- 1952 film poster
- Directed by: Frederick De Cordova
- Screenplay by: Leo Lieberman Jack Henley
- Story by: Leo Lieberman
- Produced by: Ted Richmond
- Starring: Maureen O'Sullivan Edmund Gwenn Charles Drake Gigi Perreau Gene Lockhart Bonzo
- Cinematography: Carl E. Guthrie
- Edited by: Ted Kent
- Music by: Frank Skinner
- Production company: Universal-International Pictures
- Distributed by: Universal-International Pictures
- Release date: September 11, 1952;
- Running time: 80 minutes
- Country: United States
- Language: English

= Bonzo Goes to College =

1952 film by Frederick de Cordova

Bonzo Goes to College is a 1952 American comedy sports film directed by Frederick De Cordova and starring Maureen O'Sullivan, Edmund Gwenn, Charles Drake, Gigi Perreau and Gene Lockhart. It is a sequel to the 1951 film Bedtime for Bonzo.

==Plot==

Former lab chimpanzee Bonzo, suddenly literate, escapes from a carnival sideshow. He lands in the college town of Pawlton, where young Betsy mistakenly believes that Bonzo is a gift from her grandfather Pop Drew, the college's football coach.

Betsy wants to adopt Bonzo, but parents, Marion and Malcolm Drew, have reservations. A judge supports the idea and pretends to officially approve an adoption just to humor Betsy. Betsy writes to her other grandfather, millionaire Clarence Gateson, to inform him she now has a baby brother. Gateson is thrilled until he arrives in Pawlton and learns the truth.

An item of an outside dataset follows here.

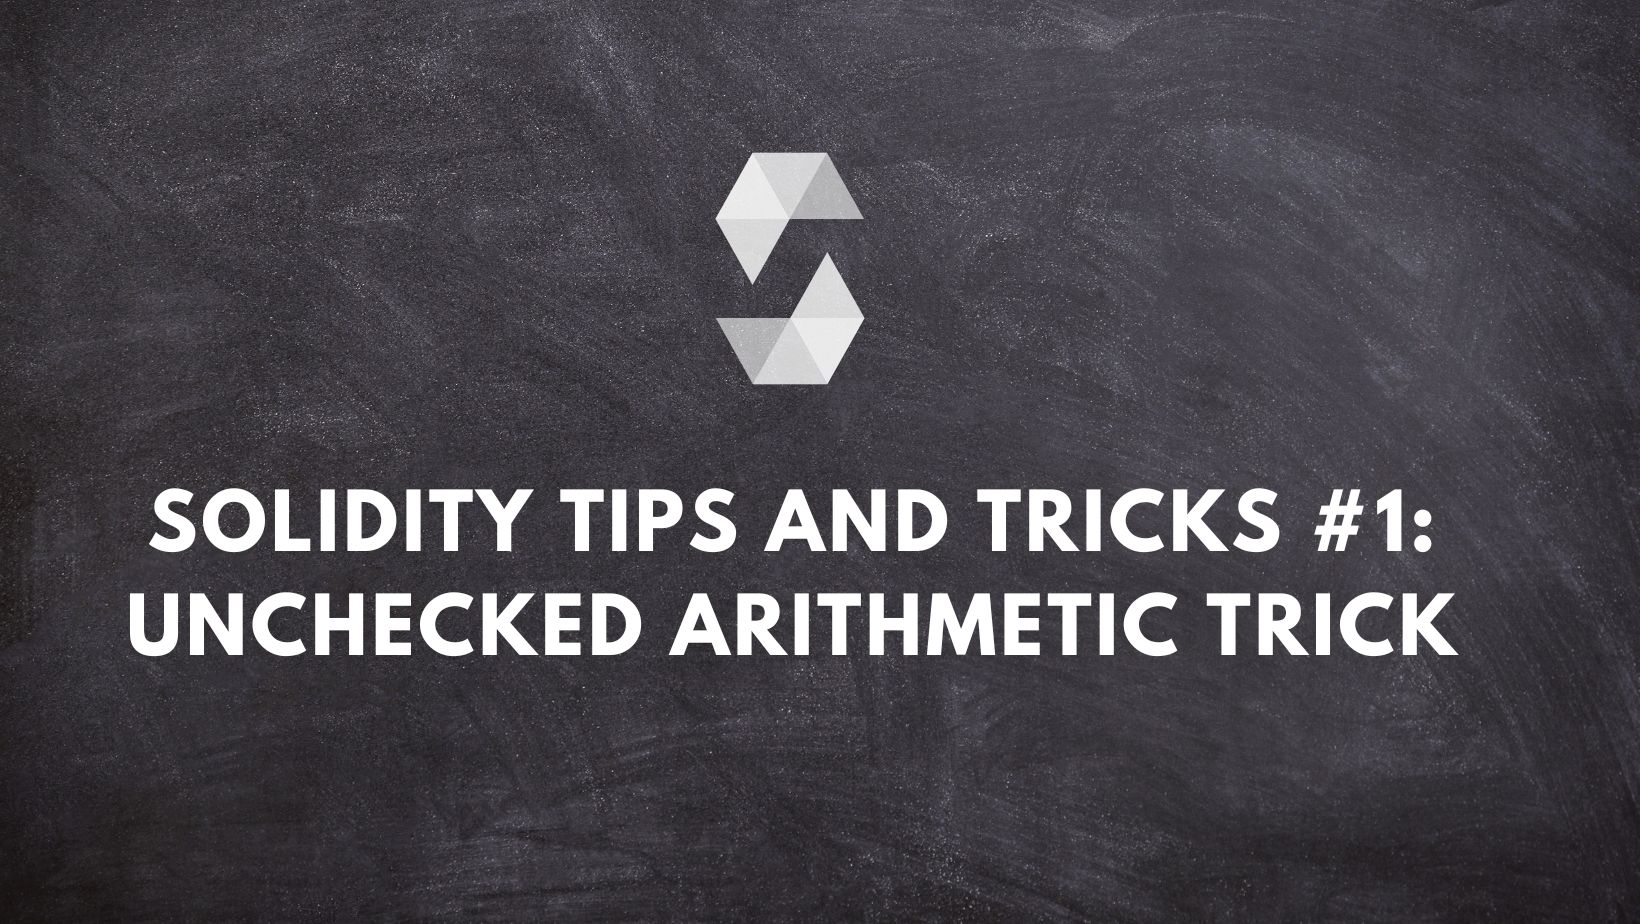 Solidity tips and tricks #1: Unchecked arithmetic trick
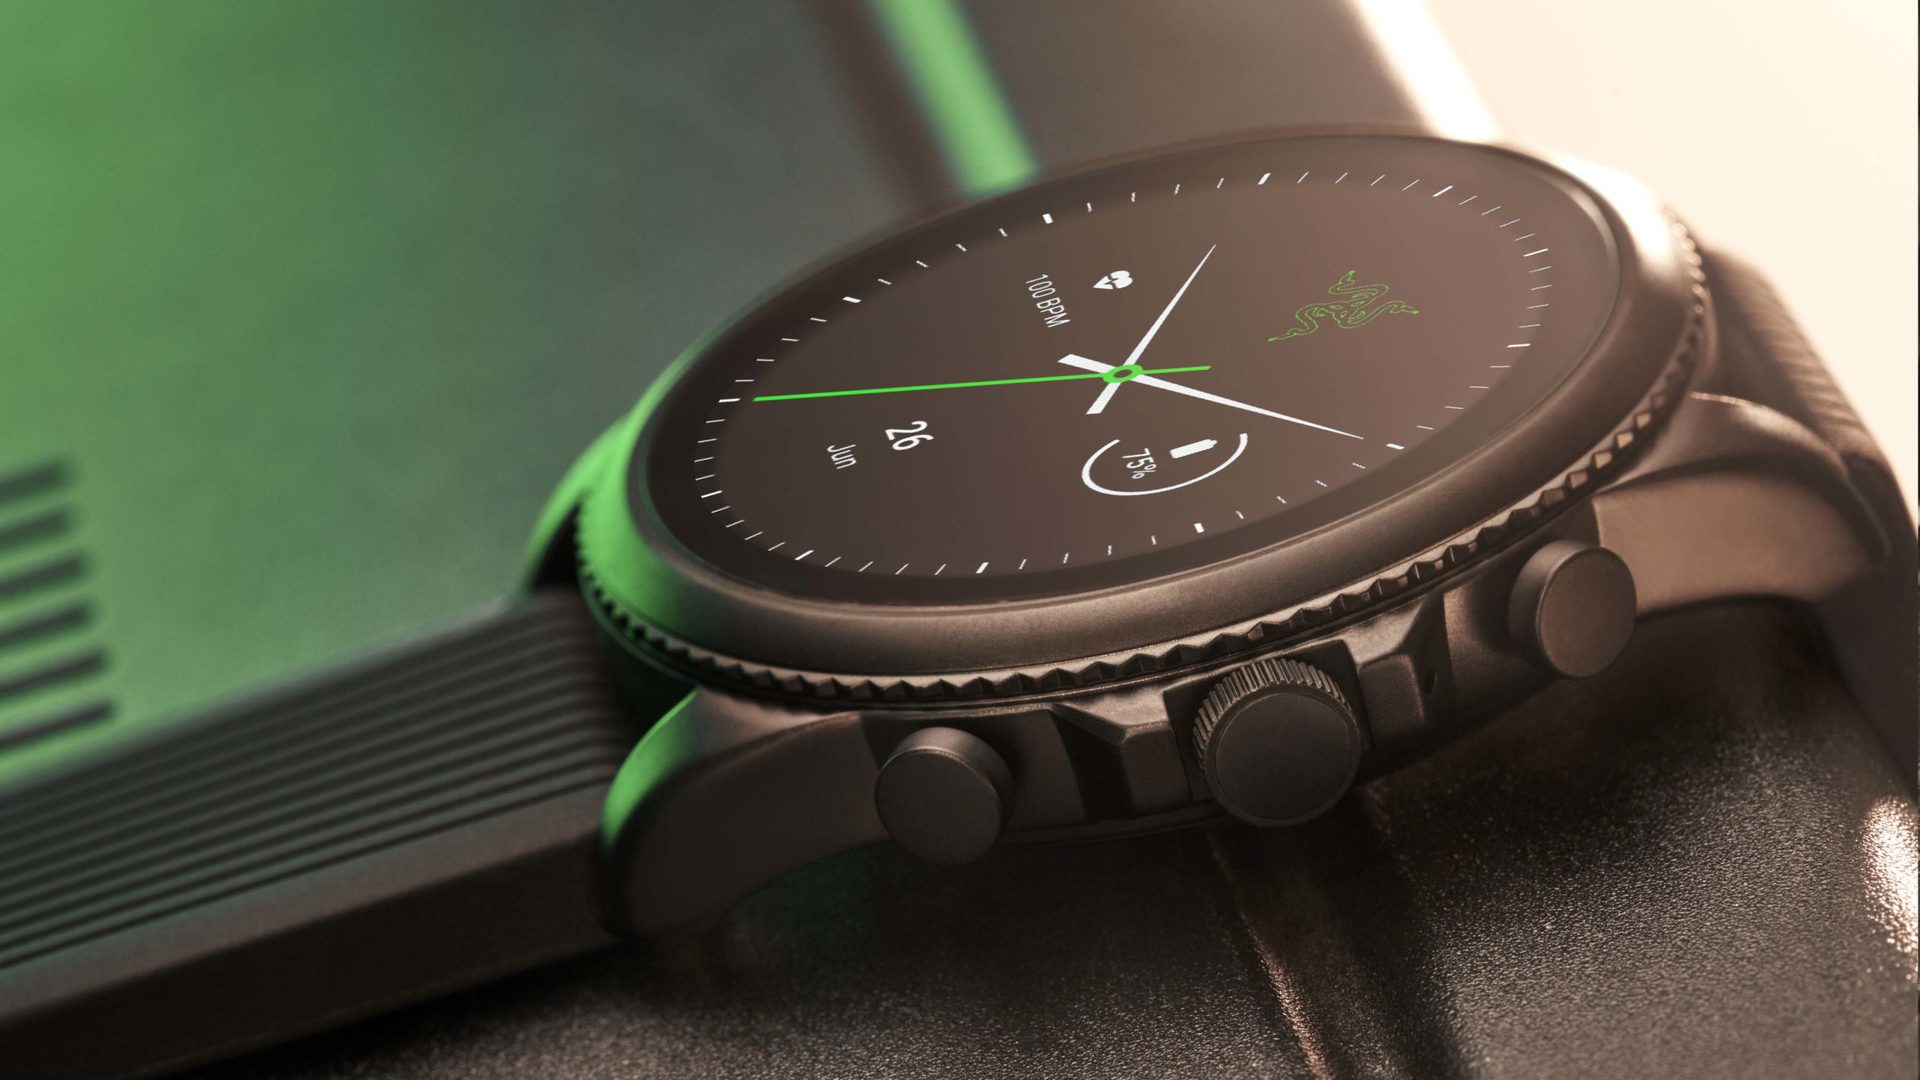 A beauty shot of the Razer X Fossil Gen 6 Smartwatch shows Razer's black and green aesthetic and the Razer logo on its watch face.

Gateson warms to Bonzo and takes him golfing. Discovering that Bonzo is a natural athlete, an idea is hatched for Bonzo to play quarterback for the college, where Pop is desperate for good players. Con men Edwards and Wilbur Crane kidnap Bonzo just before the big game and replace him with a chimpanzee that cannot play football. Before the con men can collect their bets, the real Bonzo appears and wins the game.

==Cast==
- Maureen O'Sullivan as Marion Gateson Drew
- Edmund Gwenn as Ten "Pop" Drew
- Charles Drake as Malcolm Drew
- Gigi Perreau as Betsy Drew
- Gene Lockhart as Clarence B. Gateson
- Penny as Bonzo
- Irene Ryan as Nancy
- John Miljan as Wilbur Crane
- Frank Nelson as Dick
- Jerry Paris as Edwards
- Guy Williams as Ronald Calkins
- Richard Garrick as Judge George Simpkins
- Tom Harmon as Tom Harmon
- Lee Miller as Lamson, Gateson's attorney

== Production ==
The chimpanzee featured in the film is not the same that had appeared in Bedtime for Bonzo. The first chimpanzee had been killed in a fire on March 4, 1951 and its second cousin was used for the sequel.

Production began in late March 1952 and wrapped by early May.